Происходящее в Грузии, с одной стороны, порождает чувство растерянности. Какие-то люди осуждают Саакашвили, клянутся, что он уже скоро не будет президентом (как клялись и год назад). Не успел выучить фамилию Бурджанадзе, как выясняется, что сегодня у них главный оппозиционер — Аласания, а делегацию на переговорах почему-то возглавляет Зурабишвили (впрочем, через запятую приводится еще полдюжины фамилий). И запоминать их бессмысленно, равно как и фамилии ближайших приспешников Саакашвили, потому что нынешние оппозиционеры — все как есть вчерашние приспешники. Почему-то бунтует какой-то элитный батальон, но бунтует, не выходя из казарм и накануне учений НАТО в Грузии, к которым давно готовились. Долго готовились и к переговорам, на которых оппозиция хочет обсуждать только один вопрос: как уйти Саакашвили (а что будет с Грузией, их не волнует?). И всех их пытается разнять патриарх, который стал главой Грузинской церкви еще при раннем Брежневе.

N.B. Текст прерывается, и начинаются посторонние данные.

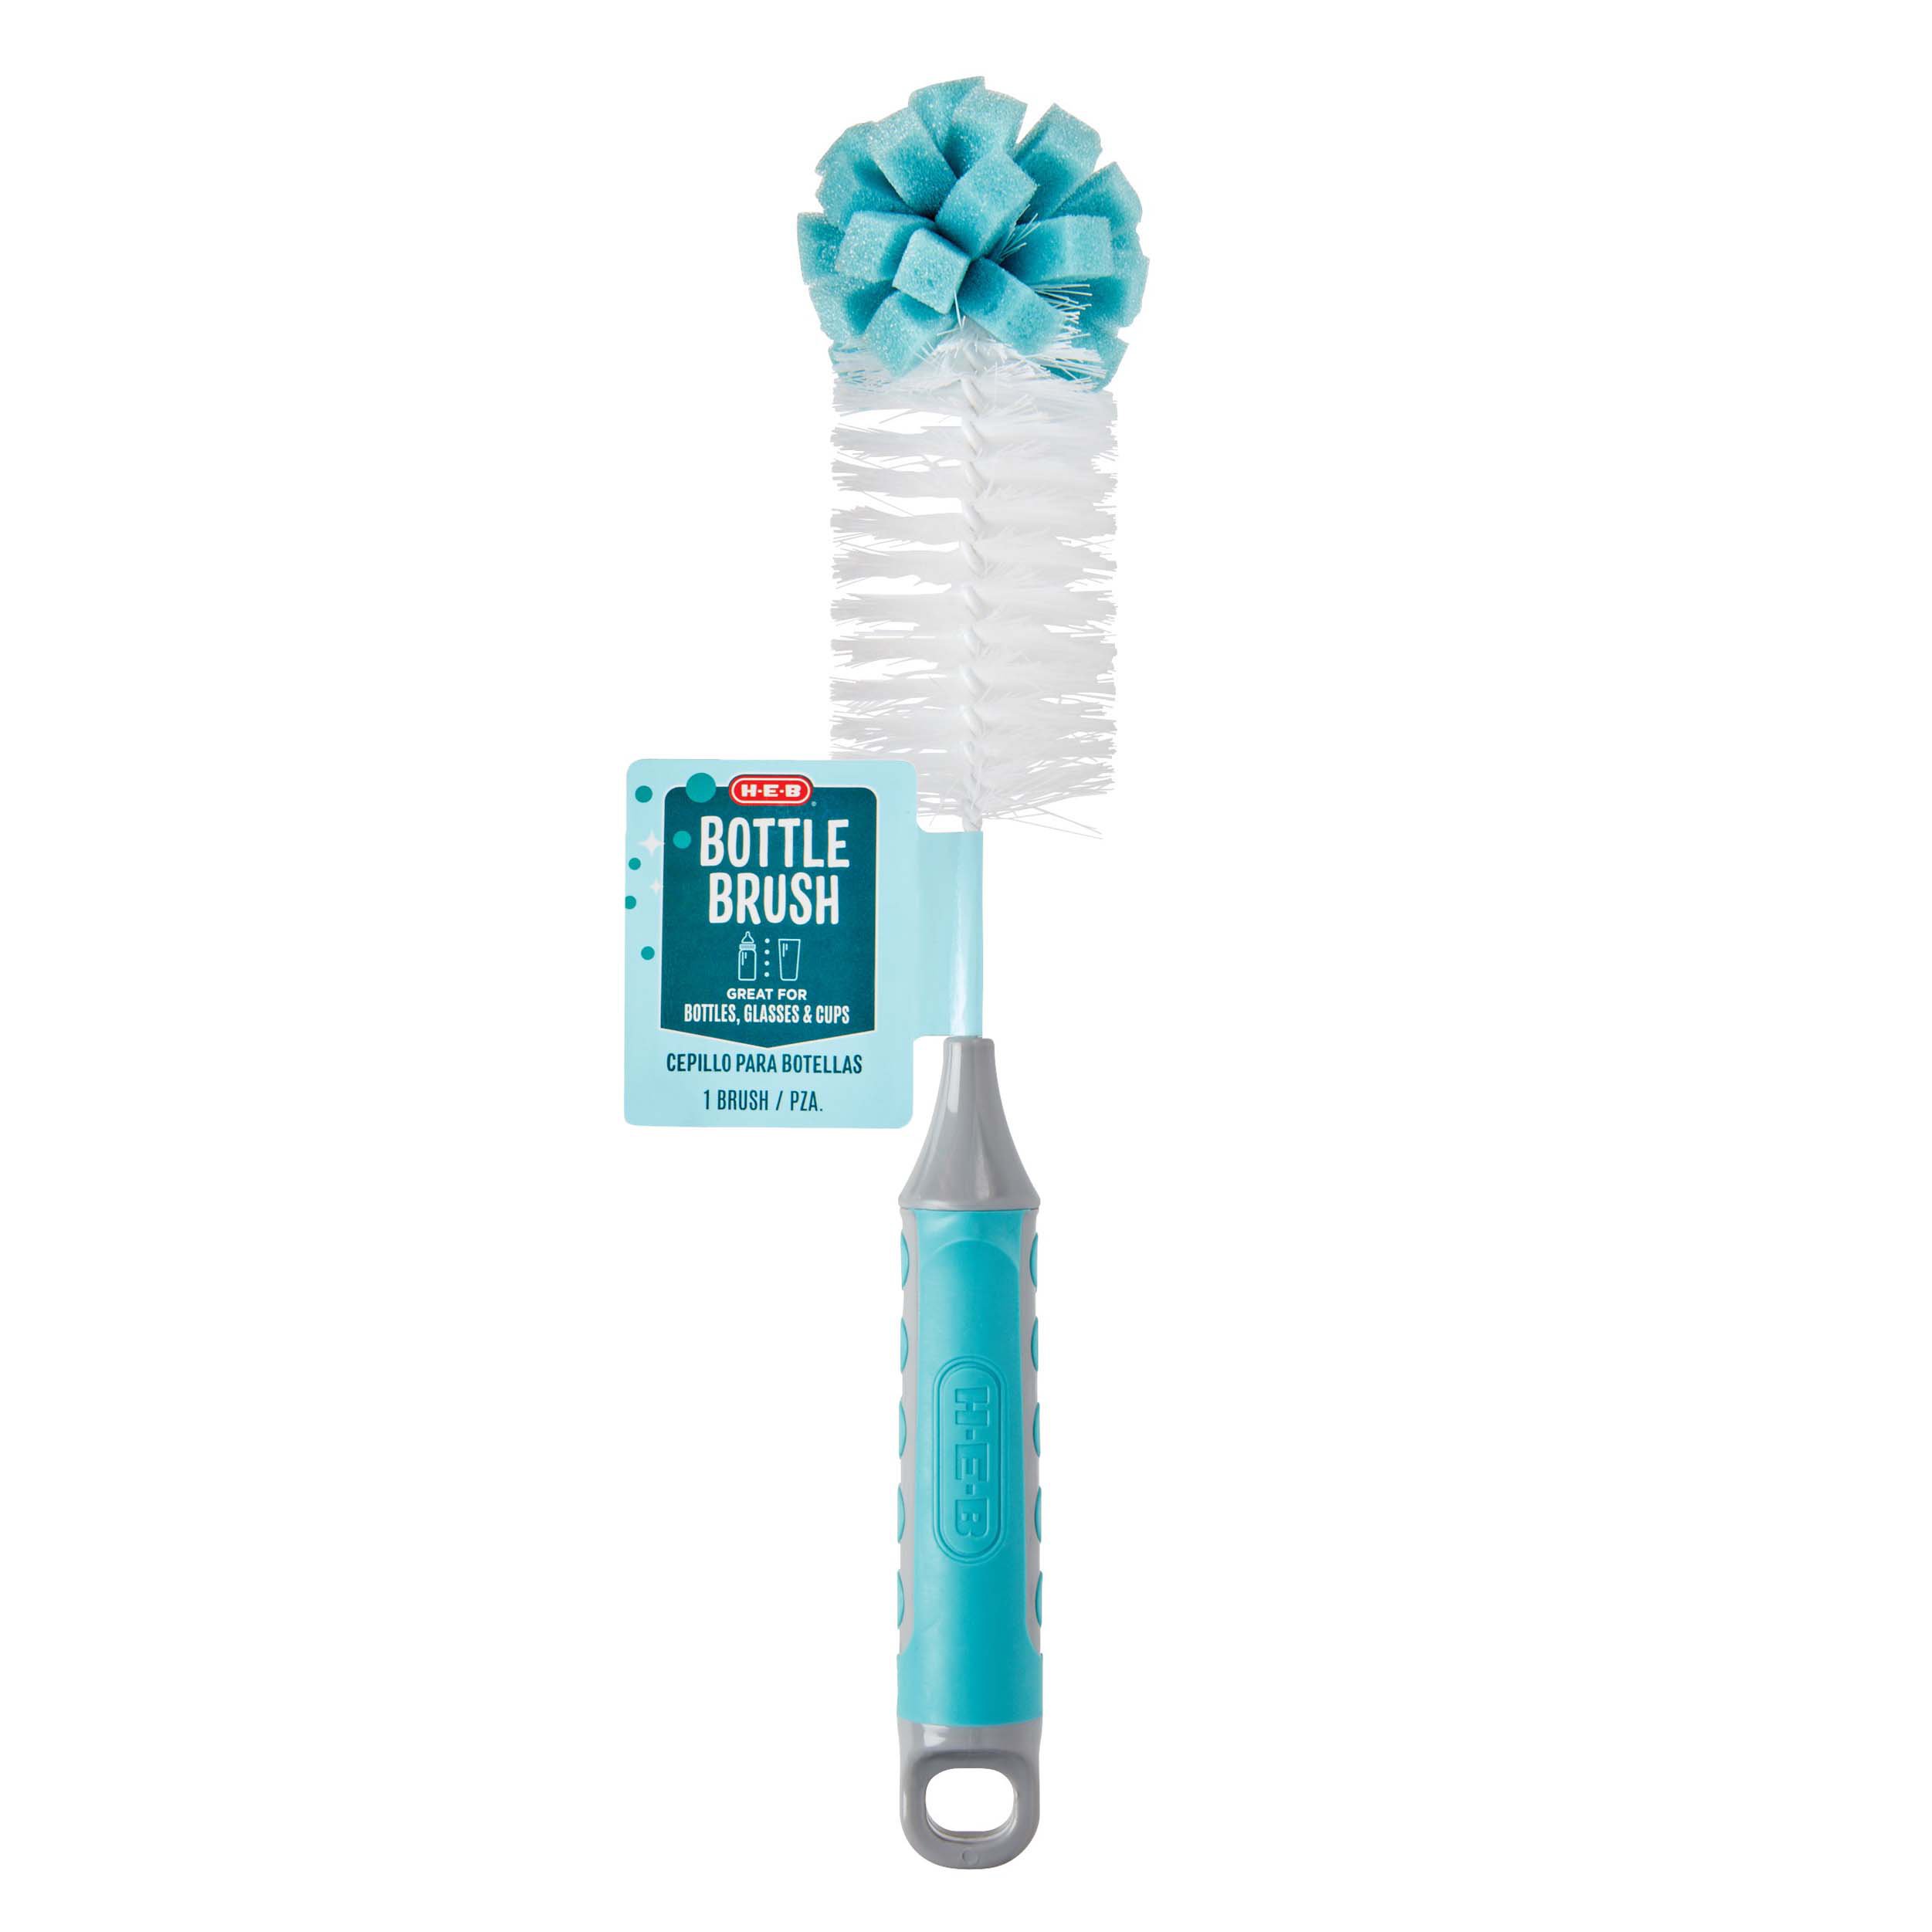 Libman Small Scrub Brush - Shop Brushes at H-E-B

С другой стороны — все это напоминает год 1993-й в России. Та же острота противостояния власти и оппозиции. Те же бессмысленные переговоры, когда всем ясно, что договариваться ни те, ни другие не хотят, а главное — не умеют.

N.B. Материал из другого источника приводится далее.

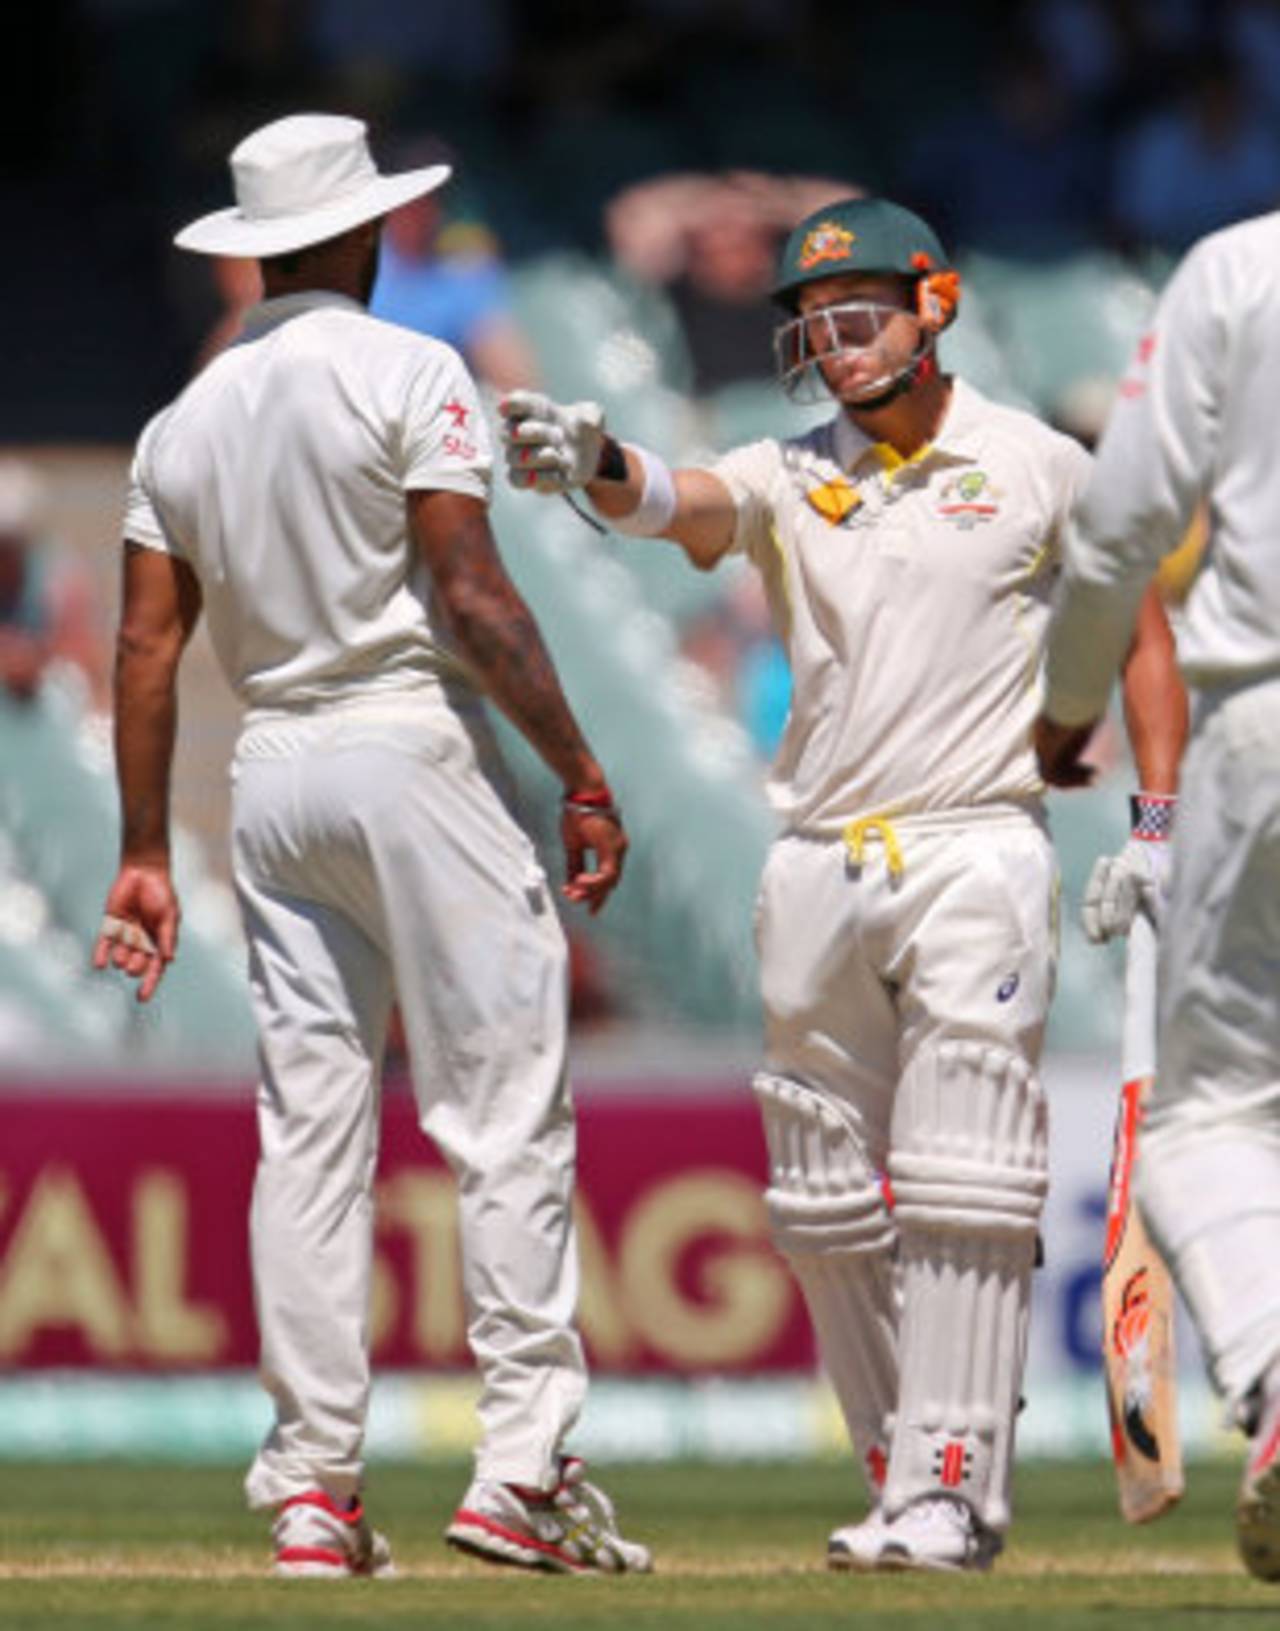 Shikhar Dhawan confronts David Warner, Australia v India, 1st Test, Adelaide, 4th day, December 12, 2014

Истоки сходства этих ситуаций понятны: ощущение частью общества не просто глубокого кризиса, а полной национальной катастрофы плюс персонификация ответственности за эту катастрофу в личности главы государства — харизматического лидера, лишь недавно сокрушившего ненавистный старый режим. Плюс недавно выученный урок, что власть (в том числе демократически обретенная) не сакральна: пошумишь посильнее на улице — она, глядишь, и падет. Плюс отсутствие оппозиции, которая могла бы думать о будущем страны.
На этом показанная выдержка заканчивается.